As the Anthropocene Fixed Income Institute writes on this, "Oil producers’ have increased their use of this product in the past few years, paying more to issue debt which will not dilute their credit ratings. This presents negative convexity risk for investors, meaning their exposure is increased in poor market environments."
This all points to, in varied and complex ways, (1) a likely higher cost of borrowing in the future for Canadian oil and gas production related to all of the factors above and (2) increased risks - forgetting the genuine threat of climate change for a moment, even - to the lenders entering into this highly volatile and uncertain sector.
Putting it All Together
The global energy picture is never simple. The more I learn about it, the more amazed I am that our system of moving electrons and molecules around to power our civilization works at all. But in watching it all, and particularly after this most recent IEA report, the dangers of our current economic and ecological model feel more frightening than ever.
The IISD's Setting the Pace report I think spells out some of the more concerning economic impacts to Canadians clearly. They argue, building on prior modeling from Aaron Cosbey, that even a more moderate price decline would cause significant pain if it was matched by significant price volatility.
In the volatile scenarios, GDP contributions from the oil and gas sectors in Alberta drop by an annual average of 19% to 21% out to 2050 compared to the reference case, or an average of CAD 21.8 billion to CAD 24.3 billion—more than five times the impact of the stable price scenario. Investment in the oil and gas sectors was particularly strongly affected, dropping 26% to 30% per year on average, or CAD 9.6 billion to CAD 11.2 billion. Alberta’s net exports also suffered in both volatile scenarios, and the province’s oil and gas sectors shed between 21,000 and 24,000 workers on average compared to a steady price scenario.
They, and others, are clear that the exact numbers - because of their immensity - are almost irrelevant. What's the difference between a 19% or a 21% decline in sectoral GDP to an unemployed person? Very little.
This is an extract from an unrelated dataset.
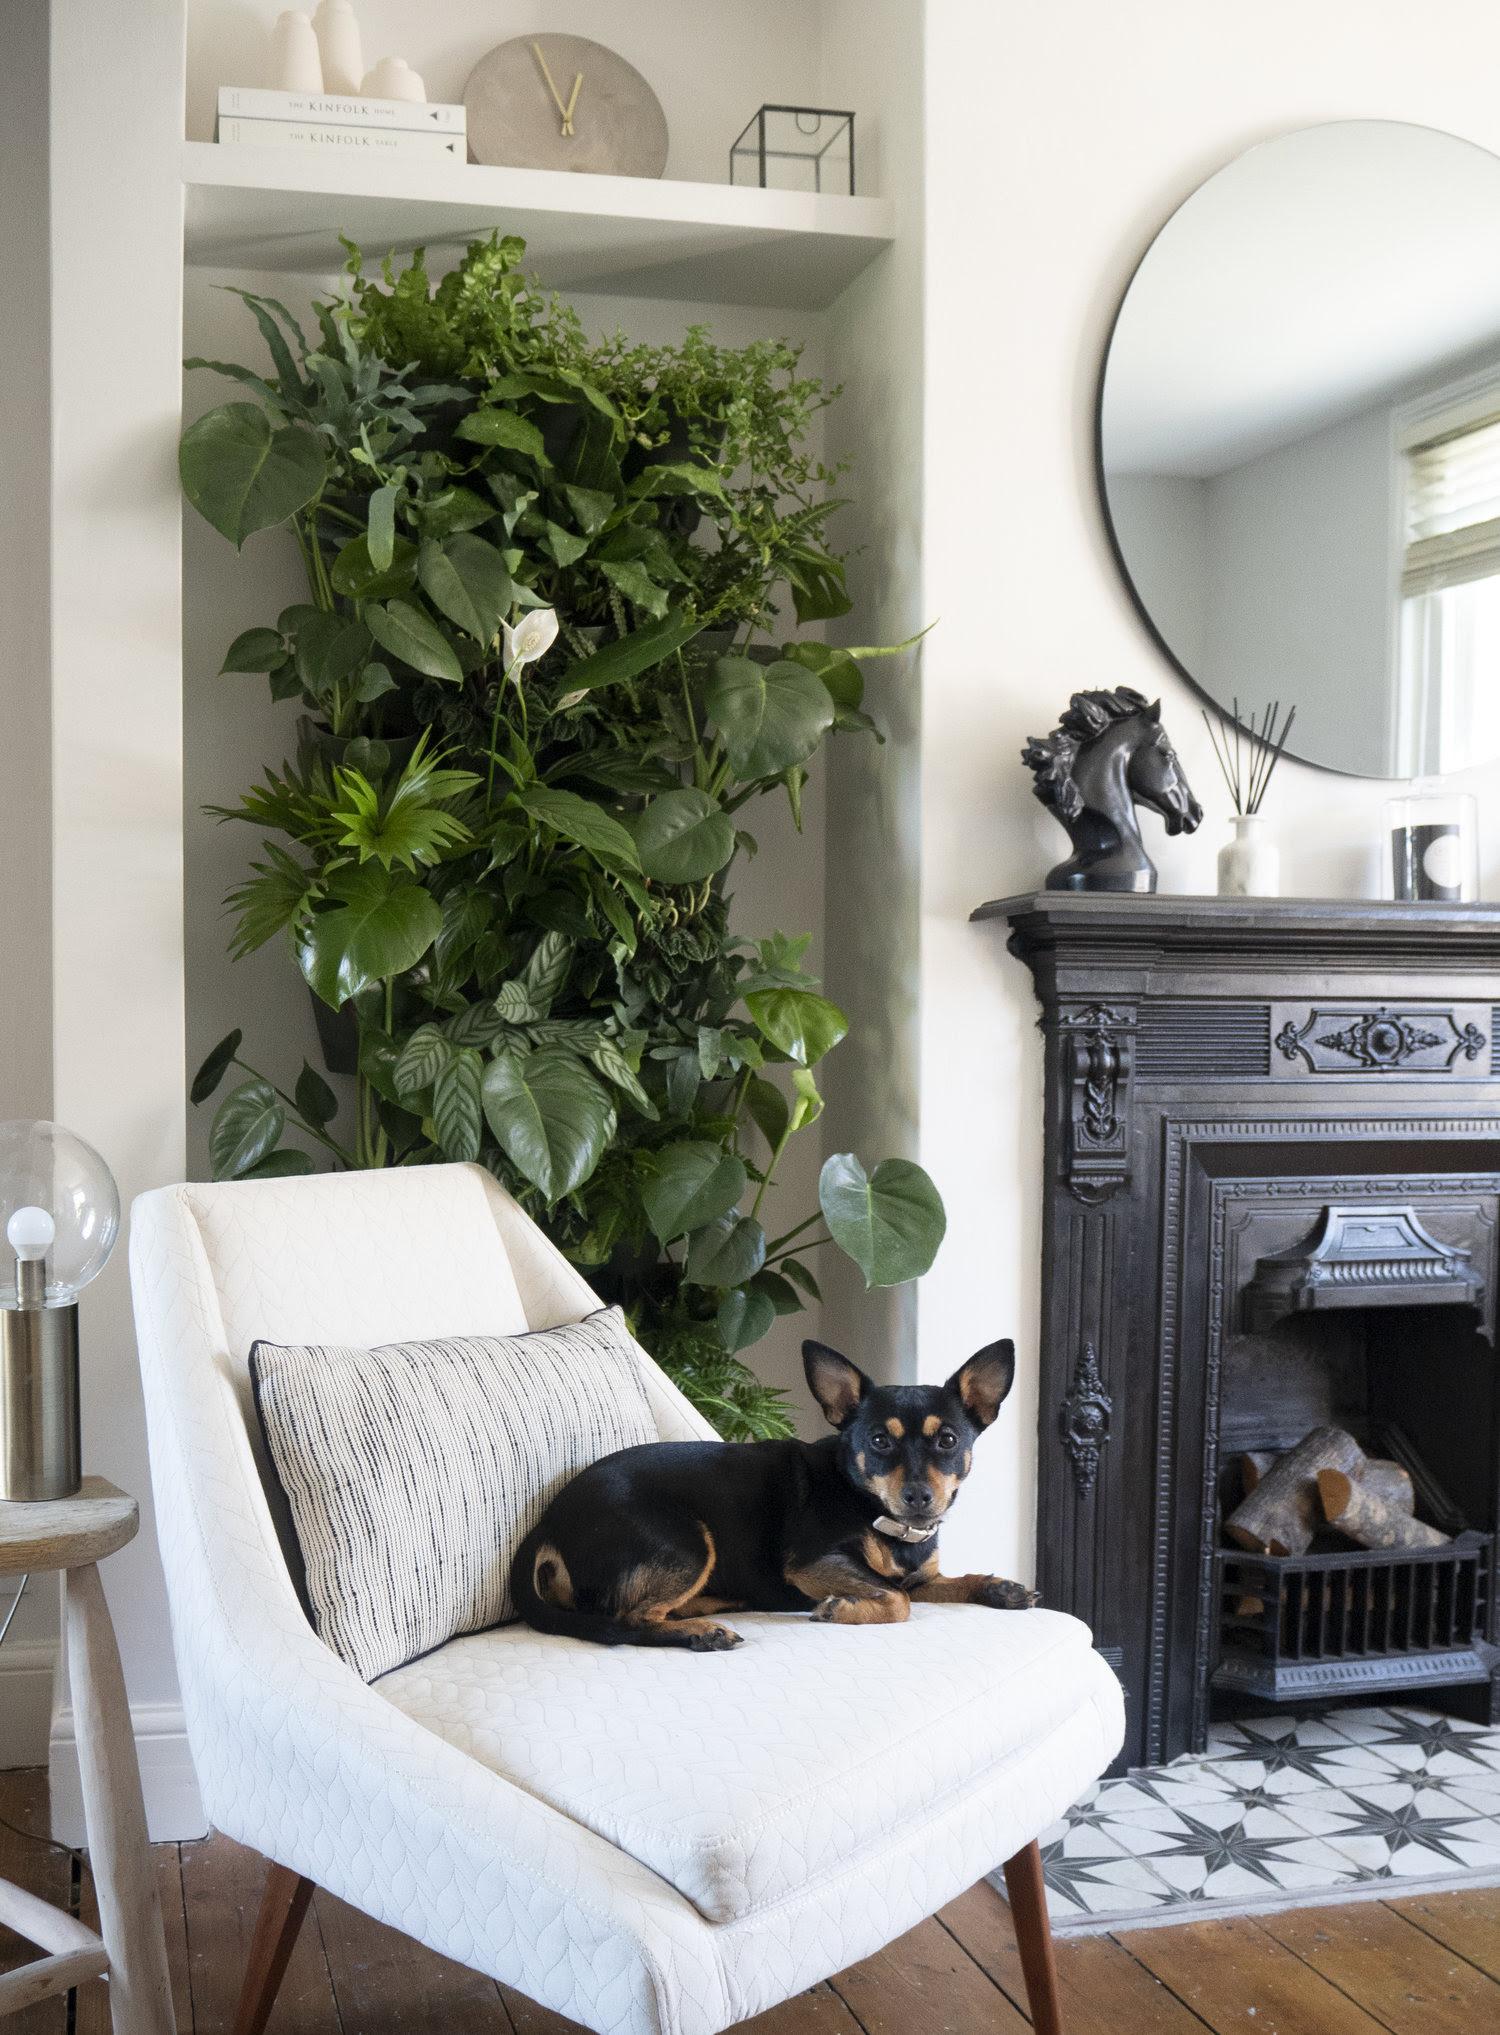 How I Built An Indoor Living Plant Wall Luke Arthur Wells
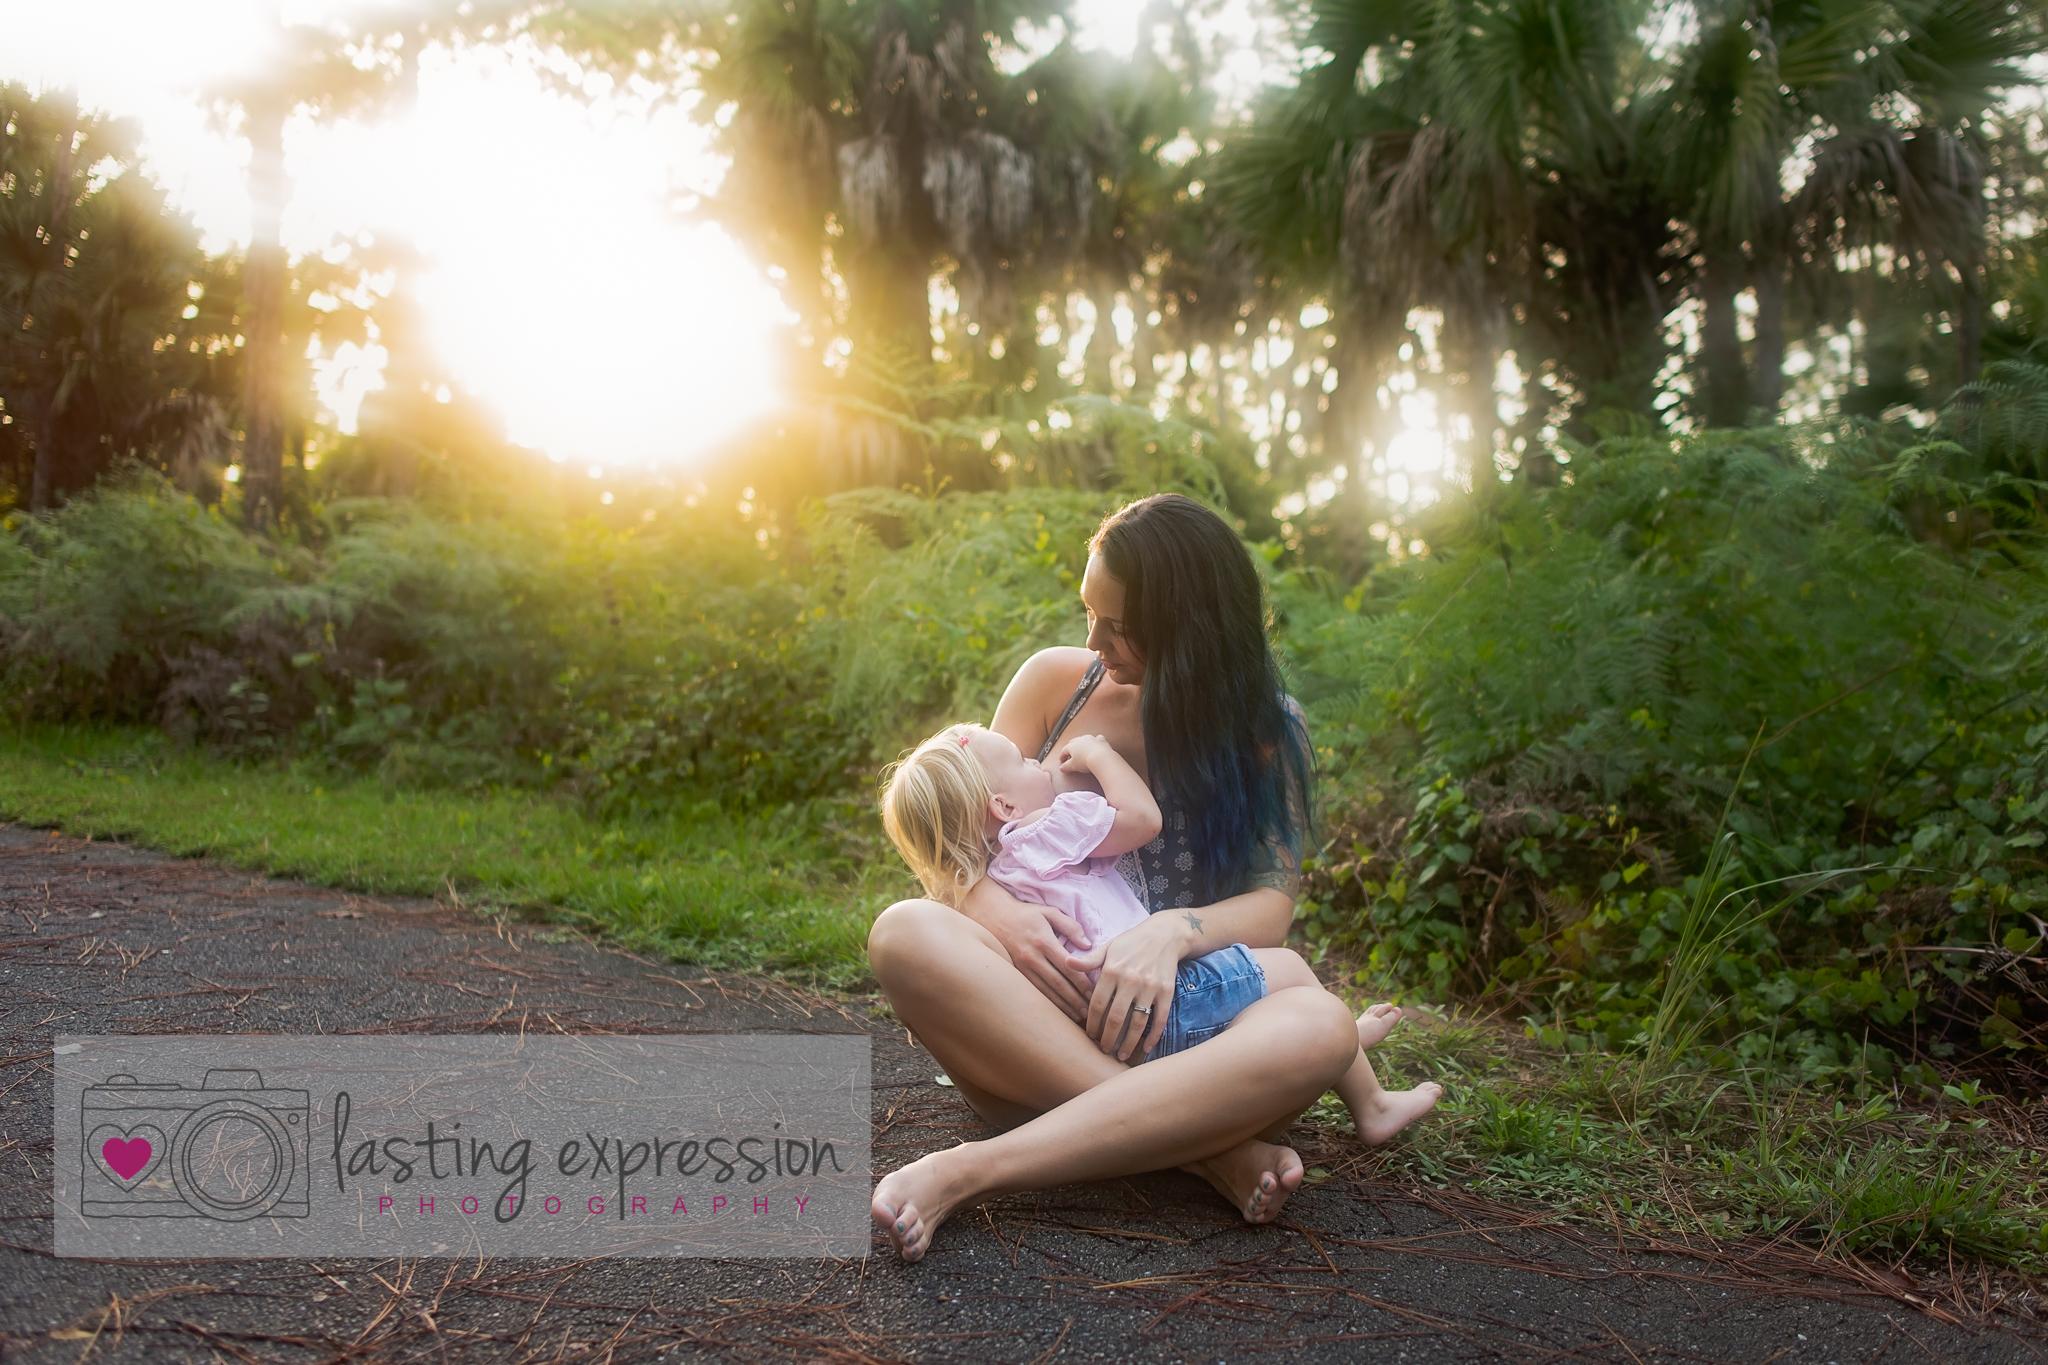 breastfeeding-logo-4.jpg

This is why a responsible and just transition, which includes acknowledging the reality of declining global oil use is so key. We can scream from the rooftops as loudly as we want things to be different, but that oh-so-cruel invisible hand appears to be pushing down on us with ever-greater strength.
The passing of the Sustainable Jobs Act recently (again, check out Megan Gordon's piece) is an important milestone here, but only just the beginning. It is an attempt, however imperfect, to grapple with the reality that Canadian workers, businesses, and governments all must: that our economy is changing in profound ways that are not entirely in our control. And far from a top-down policy agenda, as Oil 2024 shows, there are a number of self-sustaining forces that are driving shifts, too, that cannot be stopped.
Sadly, I don't expect the full reality of these challenges to sink in to Canadians just yet.
I think the momentum of the industry is still too strong and the numbers too big to see the cliff we appear to be headed towards. But I think for those of us who take the well-being of our country and its people seriously, not to mention our planet, these numbers give us the basis upon which to start laying concrete plans.
We have some room for optimism - this year Alberta completed their shockingly fast transition off of coal-powered electricity and both the national and provincial governments have done meaningful, and yes, incomplete, work to support impacted communities. We can build from this, the forward-looking plans of organizations like the Pembina Institute, and the The Transition Accelerator, and set ourselves on the pathway to where we need to go.
I feel lucky that I already get to do a little bit of that work every day.